#### Material for this task:

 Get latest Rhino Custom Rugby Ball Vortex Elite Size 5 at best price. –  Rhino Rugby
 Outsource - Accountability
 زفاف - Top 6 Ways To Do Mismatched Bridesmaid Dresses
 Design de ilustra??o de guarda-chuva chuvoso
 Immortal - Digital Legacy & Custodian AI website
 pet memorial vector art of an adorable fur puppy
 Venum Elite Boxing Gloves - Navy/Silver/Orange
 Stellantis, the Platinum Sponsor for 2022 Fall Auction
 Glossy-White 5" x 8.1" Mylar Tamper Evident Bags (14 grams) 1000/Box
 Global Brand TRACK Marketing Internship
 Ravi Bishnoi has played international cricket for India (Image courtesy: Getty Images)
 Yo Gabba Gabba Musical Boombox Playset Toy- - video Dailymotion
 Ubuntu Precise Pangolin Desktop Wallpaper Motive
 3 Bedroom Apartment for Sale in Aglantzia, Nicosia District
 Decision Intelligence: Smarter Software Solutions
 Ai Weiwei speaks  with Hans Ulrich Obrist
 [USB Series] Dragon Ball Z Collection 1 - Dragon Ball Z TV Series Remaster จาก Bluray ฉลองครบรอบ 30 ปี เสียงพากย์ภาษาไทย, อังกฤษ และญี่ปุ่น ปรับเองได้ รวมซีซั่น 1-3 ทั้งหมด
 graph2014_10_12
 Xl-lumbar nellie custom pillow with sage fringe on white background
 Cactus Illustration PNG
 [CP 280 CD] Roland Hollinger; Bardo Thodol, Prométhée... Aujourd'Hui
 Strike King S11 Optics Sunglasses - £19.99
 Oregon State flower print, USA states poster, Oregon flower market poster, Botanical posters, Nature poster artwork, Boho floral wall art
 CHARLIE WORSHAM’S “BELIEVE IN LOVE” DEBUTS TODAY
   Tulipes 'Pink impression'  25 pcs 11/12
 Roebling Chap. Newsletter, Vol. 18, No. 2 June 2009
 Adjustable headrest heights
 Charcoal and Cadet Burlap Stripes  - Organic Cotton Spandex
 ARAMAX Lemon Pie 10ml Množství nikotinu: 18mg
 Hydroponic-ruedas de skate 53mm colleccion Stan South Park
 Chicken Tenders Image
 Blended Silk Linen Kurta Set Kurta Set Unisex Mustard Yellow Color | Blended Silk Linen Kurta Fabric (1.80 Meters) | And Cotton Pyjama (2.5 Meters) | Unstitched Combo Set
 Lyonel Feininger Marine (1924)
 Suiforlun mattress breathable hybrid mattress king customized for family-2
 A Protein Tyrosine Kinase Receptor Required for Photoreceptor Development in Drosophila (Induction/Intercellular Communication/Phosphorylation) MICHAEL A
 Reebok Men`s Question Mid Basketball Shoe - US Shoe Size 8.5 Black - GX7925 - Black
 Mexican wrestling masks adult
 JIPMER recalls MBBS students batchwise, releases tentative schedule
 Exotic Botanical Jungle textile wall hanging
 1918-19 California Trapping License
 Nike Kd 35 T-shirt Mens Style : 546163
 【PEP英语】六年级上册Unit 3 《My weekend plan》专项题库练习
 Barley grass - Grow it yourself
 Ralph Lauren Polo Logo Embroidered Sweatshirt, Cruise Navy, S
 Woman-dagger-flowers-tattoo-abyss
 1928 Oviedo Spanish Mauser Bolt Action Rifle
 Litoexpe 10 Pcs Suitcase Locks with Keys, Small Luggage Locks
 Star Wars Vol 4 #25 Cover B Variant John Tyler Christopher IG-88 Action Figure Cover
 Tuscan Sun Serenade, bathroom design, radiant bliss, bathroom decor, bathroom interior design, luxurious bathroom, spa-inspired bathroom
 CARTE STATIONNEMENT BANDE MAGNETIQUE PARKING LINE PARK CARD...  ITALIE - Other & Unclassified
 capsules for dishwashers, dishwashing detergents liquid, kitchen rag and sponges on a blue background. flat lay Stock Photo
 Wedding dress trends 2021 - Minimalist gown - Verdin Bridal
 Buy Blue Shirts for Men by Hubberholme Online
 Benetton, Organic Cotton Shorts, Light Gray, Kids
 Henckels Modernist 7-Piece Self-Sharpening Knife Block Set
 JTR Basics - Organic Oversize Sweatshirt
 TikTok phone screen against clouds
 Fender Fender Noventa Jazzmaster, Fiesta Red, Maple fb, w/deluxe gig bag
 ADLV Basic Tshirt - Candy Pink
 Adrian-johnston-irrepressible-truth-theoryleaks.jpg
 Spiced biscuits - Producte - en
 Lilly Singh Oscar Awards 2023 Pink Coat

#### Directions:
Report back every line of the entries in which "Sweatshirt" occurs.

#### Task response:
 Ralph Lauren Polo Logo Embroidered Sweatshirt, Cruise Navy, S
 JTR Basics - Organic Oversize Sweatshirt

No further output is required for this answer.